*** RECORDS SHOWN Section Begins ***

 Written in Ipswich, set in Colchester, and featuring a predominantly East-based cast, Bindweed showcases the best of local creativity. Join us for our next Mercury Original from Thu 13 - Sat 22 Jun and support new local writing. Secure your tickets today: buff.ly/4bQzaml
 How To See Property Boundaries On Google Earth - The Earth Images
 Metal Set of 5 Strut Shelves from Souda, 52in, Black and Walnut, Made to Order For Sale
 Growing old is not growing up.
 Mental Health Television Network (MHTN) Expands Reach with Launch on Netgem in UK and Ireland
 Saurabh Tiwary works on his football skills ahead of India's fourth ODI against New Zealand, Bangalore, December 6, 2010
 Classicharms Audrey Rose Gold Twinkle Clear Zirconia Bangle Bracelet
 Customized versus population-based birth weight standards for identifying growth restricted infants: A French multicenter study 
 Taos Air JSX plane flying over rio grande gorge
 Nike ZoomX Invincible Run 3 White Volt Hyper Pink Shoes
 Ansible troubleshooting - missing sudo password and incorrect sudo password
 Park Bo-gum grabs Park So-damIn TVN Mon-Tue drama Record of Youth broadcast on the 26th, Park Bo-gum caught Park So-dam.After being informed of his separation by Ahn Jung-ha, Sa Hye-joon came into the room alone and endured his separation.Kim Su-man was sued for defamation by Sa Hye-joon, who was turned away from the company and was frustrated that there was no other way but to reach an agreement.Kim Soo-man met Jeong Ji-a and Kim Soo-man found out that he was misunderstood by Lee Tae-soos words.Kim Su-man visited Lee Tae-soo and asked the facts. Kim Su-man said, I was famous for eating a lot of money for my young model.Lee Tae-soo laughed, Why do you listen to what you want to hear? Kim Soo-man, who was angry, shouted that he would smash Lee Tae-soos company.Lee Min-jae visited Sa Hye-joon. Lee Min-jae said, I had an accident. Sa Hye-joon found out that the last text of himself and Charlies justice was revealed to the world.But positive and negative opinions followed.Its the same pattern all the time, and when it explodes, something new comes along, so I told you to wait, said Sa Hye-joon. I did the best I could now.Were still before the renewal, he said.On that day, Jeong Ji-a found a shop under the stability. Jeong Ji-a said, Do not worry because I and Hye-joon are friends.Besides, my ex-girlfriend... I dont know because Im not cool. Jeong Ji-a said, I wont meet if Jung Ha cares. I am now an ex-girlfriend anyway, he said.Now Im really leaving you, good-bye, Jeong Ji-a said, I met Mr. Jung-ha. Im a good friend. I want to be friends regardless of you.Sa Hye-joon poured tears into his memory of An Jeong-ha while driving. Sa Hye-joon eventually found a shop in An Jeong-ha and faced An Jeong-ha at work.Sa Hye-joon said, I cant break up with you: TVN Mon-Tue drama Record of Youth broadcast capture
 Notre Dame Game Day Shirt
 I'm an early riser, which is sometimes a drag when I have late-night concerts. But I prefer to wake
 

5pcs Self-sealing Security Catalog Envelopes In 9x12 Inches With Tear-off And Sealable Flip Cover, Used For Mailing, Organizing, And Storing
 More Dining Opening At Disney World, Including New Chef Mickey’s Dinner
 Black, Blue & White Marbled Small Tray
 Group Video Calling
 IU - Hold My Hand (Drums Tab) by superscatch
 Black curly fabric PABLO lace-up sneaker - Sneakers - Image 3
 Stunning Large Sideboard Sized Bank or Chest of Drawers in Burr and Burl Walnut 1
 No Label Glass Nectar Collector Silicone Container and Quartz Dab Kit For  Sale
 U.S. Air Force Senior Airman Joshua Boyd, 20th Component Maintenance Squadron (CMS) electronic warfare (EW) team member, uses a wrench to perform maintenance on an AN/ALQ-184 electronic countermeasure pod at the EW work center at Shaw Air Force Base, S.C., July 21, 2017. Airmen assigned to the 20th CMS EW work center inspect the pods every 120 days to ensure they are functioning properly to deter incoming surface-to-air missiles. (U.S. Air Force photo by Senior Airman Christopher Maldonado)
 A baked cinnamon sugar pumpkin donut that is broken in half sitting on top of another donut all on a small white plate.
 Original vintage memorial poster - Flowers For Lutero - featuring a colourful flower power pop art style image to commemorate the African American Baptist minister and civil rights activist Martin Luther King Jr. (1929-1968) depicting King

*** RECORDS SHOWN Section Ends ***

▶ **WHAT IS REQUIRED**
Set down the whole of the data, exactly as it stands.

▶ **OUTPUT BELOW**
 Written in Ipswich, set in Colchester, and featuring a predominantly East-based cast, Bindweed showcases the best of local creativity. Join us for our next Mercury Original from Thu 13 - Sat 22 Jun and support new local writing. Secure your tickets today: buff.ly/4bQzaml
 How To See Property Boundaries On Google Earth - The Earth Images
 Metal Set of 5 Strut Shelves from Souda, 52in, Black and Walnut, Made to Order For Sale
 Growing old is not growing up.
 Mental Health Television Network (MHTN) Expands Reach with Launch on Netgem in UK and Ireland
 Saurabh Tiwary works on his football skills ahead of India's fourth ODI against New Zealand, Bangalore, December 6, 2010
 Classicharms Audrey Rose Gold Twinkle Clear Zirconia Bangle Bracelet
 Customized versus population-based birth weight standards for identifying growth restricted infants: A French multicenter study 
 Taos Air JSX plane flying over rio grande gorge
 Nike ZoomX Invincible Run 3 White Volt Hyper Pink Shoes
 Ansible troubleshooting - missing sudo password and incorrect sudo password
 Park Bo-gum grabs Park So-damIn TVN Mon-Tue drama Record of Youth broadcast on the 26th, Park Bo-gum caught Park So-dam.After being informed of his separation by Ahn Jung-ha, Sa Hye-joon came into the room alone and endured his separation.Kim Su-man was sued for defamation by Sa Hye-joon, who was turned away from the company and was frustrated that there was no other way but to reach an agreement.Kim Soo-man met Jeong Ji-a and Kim Soo-man found out that he was misunderstood by Lee Tae-soos words.Kim Su-man visited Lee Tae-soo and asked the facts. Kim Su-man said, I was famous for eating a lot of money for my young model.Lee Tae-soo laughed, Why do you listen to what you want to hear? Kim Soo-man, who was angry, shouted that he would smash Lee Tae-soos company.Lee Min-jae visited Sa Hye-joon. Lee Min-jae said, I had an accident. Sa Hye-joon found out that the last text of himself and Charlies justice was revealed to the world.But positive and negative opinions followed.Its the same pattern all the time, and when it explodes, something new comes along, so I told you to wait, said Sa Hye-joon. I did the best I could now.Were still before the renewal, he said.On that day, Jeong Ji-a found a shop under the stability. Jeong Ji-a said, Do not worry because I and Hye-joon are friends.Besides, my ex-girlfriend... I dont know because Im not cool. Jeong Ji-a said, I wont meet if Jung Ha cares. I am now an ex-girlfriend anyway, he said.Now Im really leaving you, good-bye, Jeong Ji-a said, I met Mr. Jung-ha. Im a good friend. I want to be friends regardless of you.Sa Hye-joon poured tears into his memory of An Jeong-ha while driving. Sa Hye-joon eventually found a shop in An Jeong-ha and faced An Jeong-ha at work.Sa Hye-joon said, I cant break up with you: TVN Mon-Tue drama Record of Youth broadcast capture
 Notre Dame Game Day Shirt
 I'm an early riser, which is sometimes a drag when I have late-night concerts. But I prefer to wake
 

5pcs Self-sealing Security Catalog Envelopes In 9x12 Inches With Tear-off And Sealable Flip Cover, Used For Mailing, Organizing, And Storing
 More Dining Opening At Disney World, Including New Chef Mickey’s Dinner
 Black, Blue & White Marbled Small Tray
 Group Video Calling
 IU - Hold My Hand (Drums Tab) by superscatch
 Black curly fabric PABLO lace-up sneaker - Sneakers - Image 3
 Stunning Large Sideboard Sized Bank or Chest of Drawers in Burr and Burl Walnut 1
 No Label Glass Nectar Collector Silicone Container and Quartz Dab Kit For  Sale
 U.S. Air Force Senior Airman Joshua Boyd, 20th Component Maintenance Squadron (CMS) electronic warfare (EW) team member, uses a wrench to perform maintenance on an AN/ALQ-184 electronic countermeasure pod at the EW work center at Shaw Air Force Base, S.C., July 21, 2017. Airmen assigned to the 20th CMS EW work center inspect the pods every 120 days to ensure they are functioning properly to deter incoming surface-to-air missiles. (U.S. Air Force photo by Senior Airman Christopher Maldonado)
 A baked cinnamon sugar pumpkin donut that is broken in half sitting on top of another donut all on a small white plate.
 Original vintage memorial poster - Flowers For Lutero - featuring a colourful flower power pop art style image to commemorate the African American Baptist minister and civil rights activist Martin Luther King Jr. (1929-1968) depicting King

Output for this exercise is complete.